Августовское небо было чисто и полно звёзд. Мы взглянули с высоты птичьего полёта на мерцание огоньков стоящих на рейде кораблей и на мерцание тянущихся вереницей гирлянд огней вдоль пляжей "Отрадное" и "Ланжерон". Взгляд потянулся к небу, к мерцающим звёздам, как продолжению земных огоньков, и мы ощутили их невидимое слияние в темноте. Руслан вспомнил строку из Пушкина:
При блеске фонарей и звёзд...
Всё это пробудило в душе какие-то глубоко запрятанные чувства, и от этой красоты замерло сердце. Душа словно просила полёта.

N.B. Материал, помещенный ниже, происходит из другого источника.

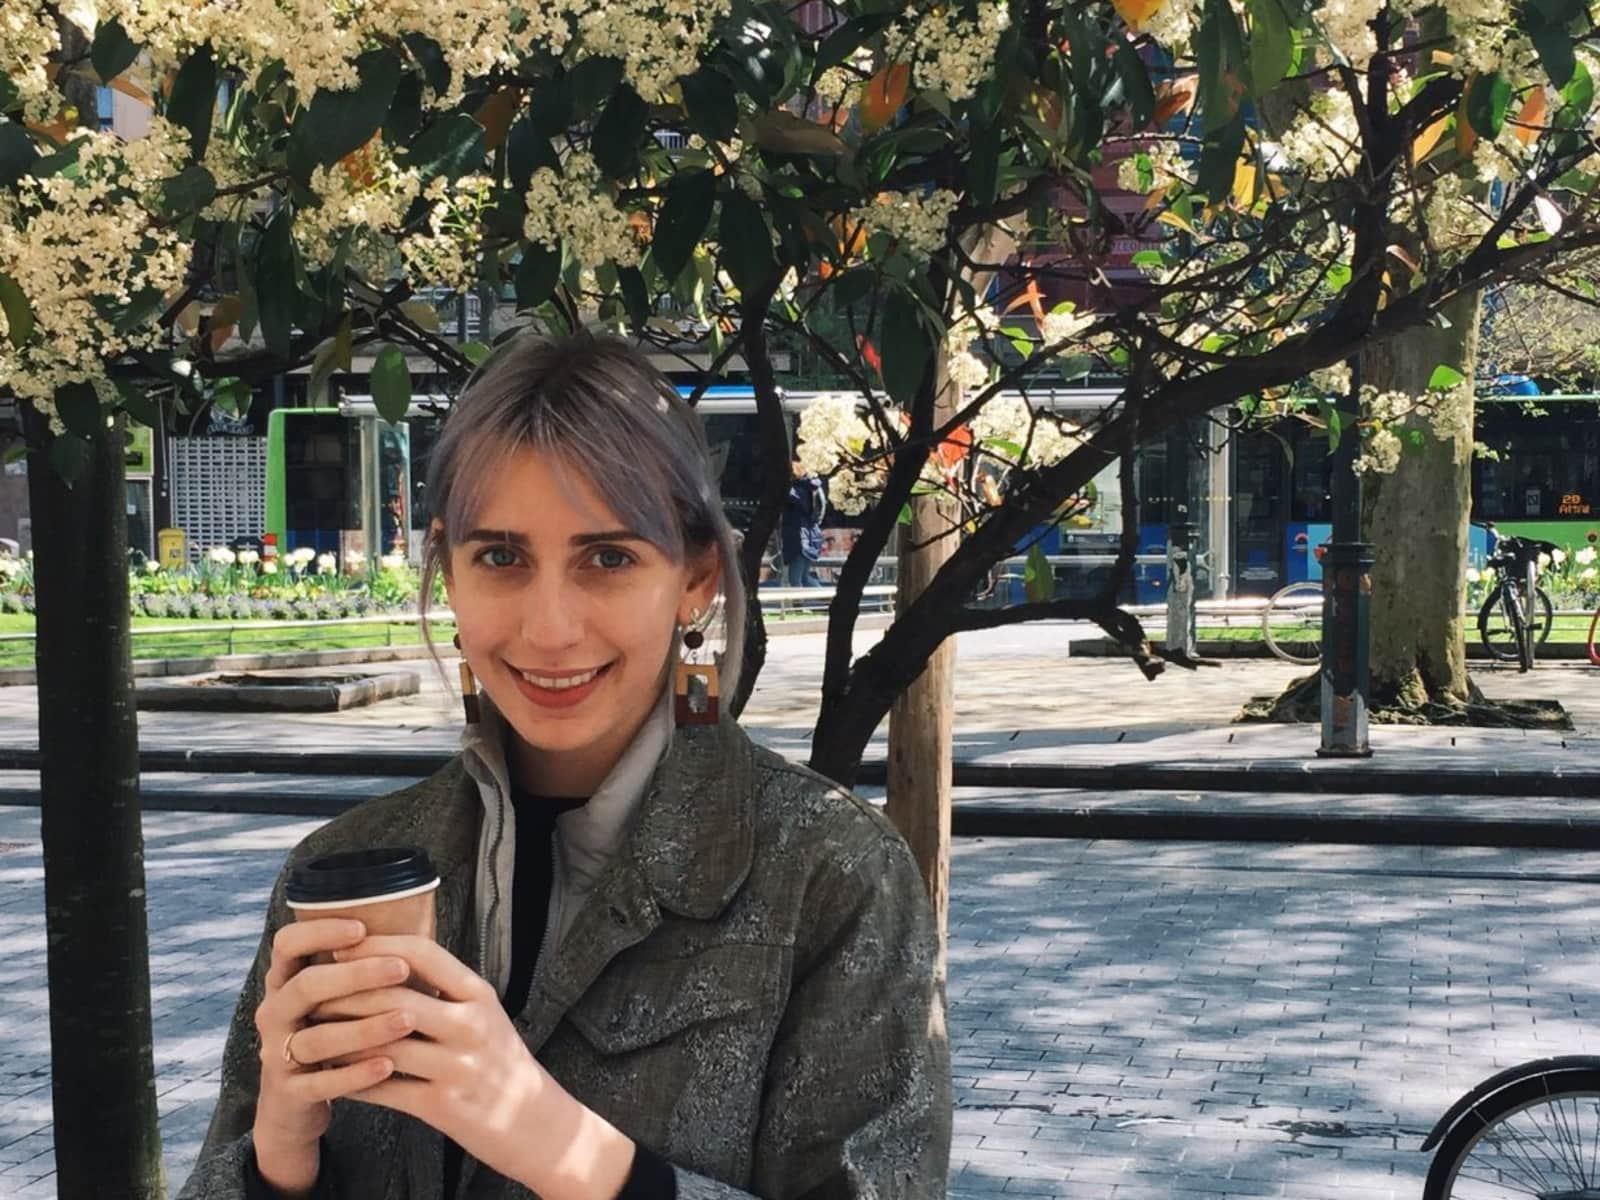 Dana from City of London, United Kingdom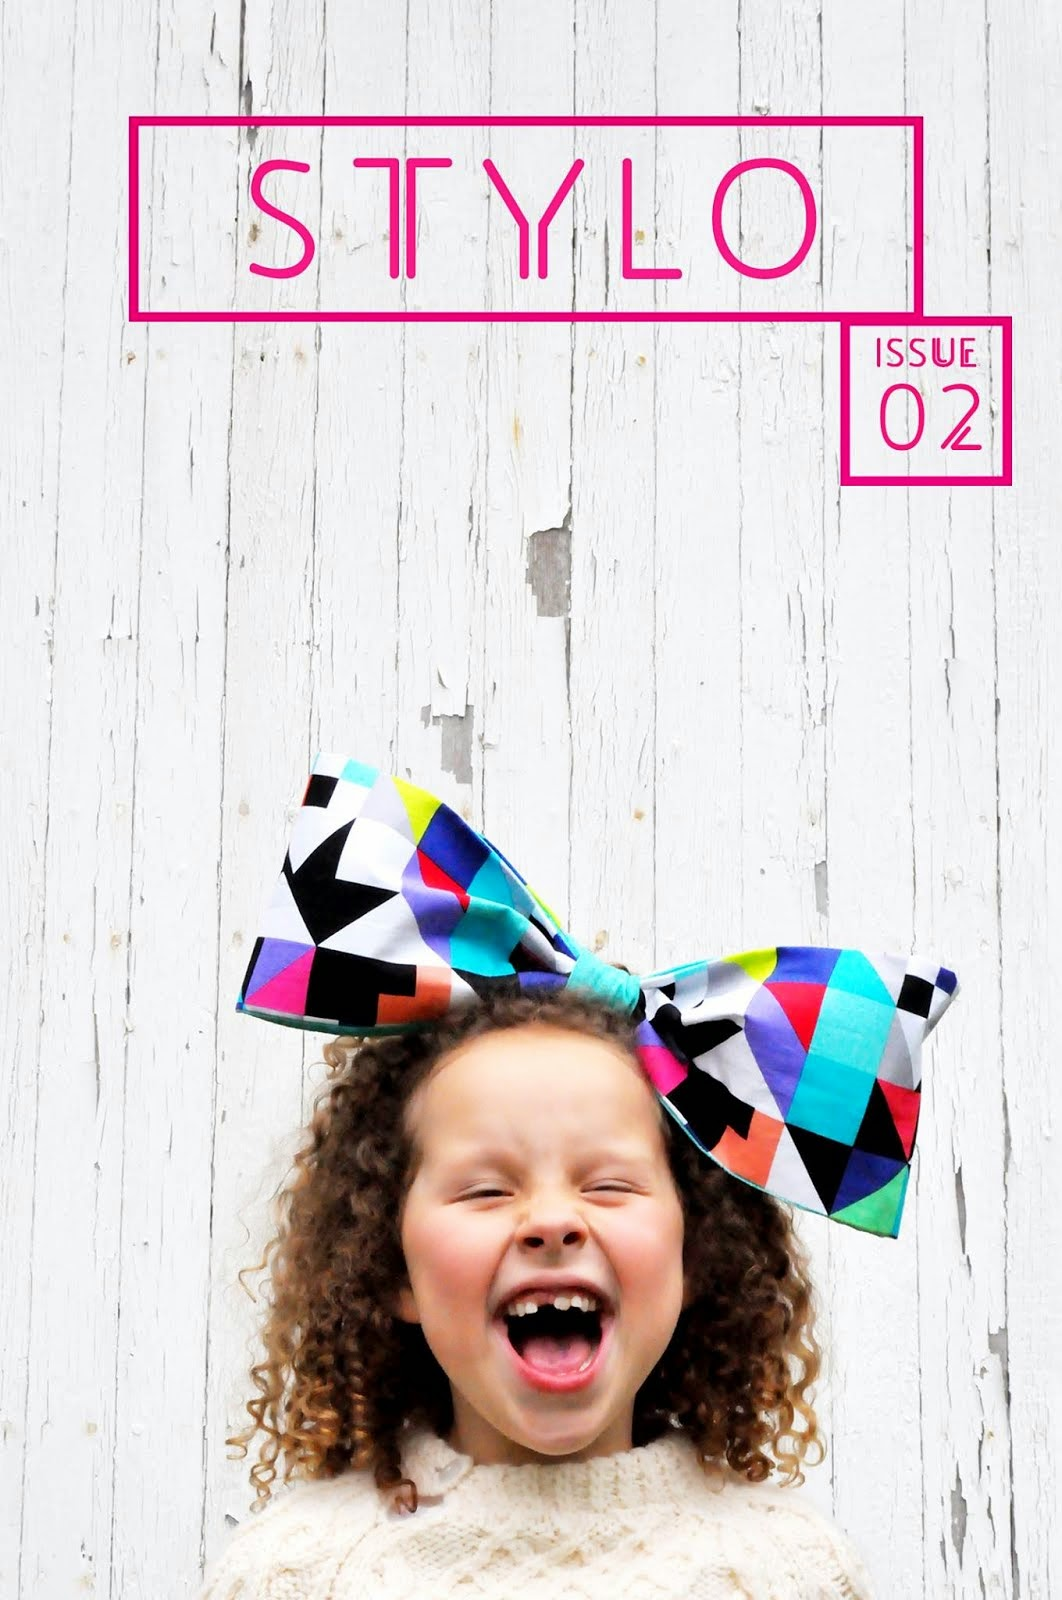 STYLO Magazine 02

И снова в тишине раздался голос Руслана:
Моей души предел желанный!
Как часто по брегам твоим
Бродил я тихий и туманный,
Заветным умыслом томим!
Как я любил твои отзывы,
Глухие звуки, бездны глас,
И тишину в вечерний час,
И своенравные порывы!
А знаешь, для Пушкина Одесса была благодатным местом. Здесь он первые главы "Евгения Онегина" написал, И об Одессе там есть строки:
Я жил тогда в Одессе пыльной...
Там долго ясны небеса,
Там хлопотливо торг обильный
Свои подъемлет паруса;
Там всё Европой дышит, веет,
Всё блещет югом и пестреет
Разнообразностью живой.
Язык Италии златой
Звучит по улице весёлой,
Где ходит гордый славянин,
Француз, испанец, армянин,
И грек, и молдаван тяжёлый,
И сын египетской земли,
Корсар в отставке Морали.
Предполагают, что прототипом Онегина был Александр Раевский. - При упоминании этого имени Руслан как-то безнадёжно махнул рукой - Упаси боже от таких друзей! А граф Воронцов Пушкина шалопаем называл. Ну, понятно. Причины веские. Всё из-за непостижимой страсти Пушкина к его жене. Вот здесь и проявилась двусмысленная роль Александра Раевского, тайно влюблённого в графиню: войдя в друзья Пушкина, он потом строил против него козни... - Руслан вдруг оживился: - Но на то он и поэт, чтоб влюбляться и безумствовать. Ты представь себе на минуту, что Пушкин стоял здесь, на этом самом месте, и не любовался вот этой красотой, расставшись с графиней Воронцовой, а вглядывался в морскую даль, ища увозящий её корабль, и неистовствовал. Может быть, здесь и родилось его стихотворение под названием "Корабль"!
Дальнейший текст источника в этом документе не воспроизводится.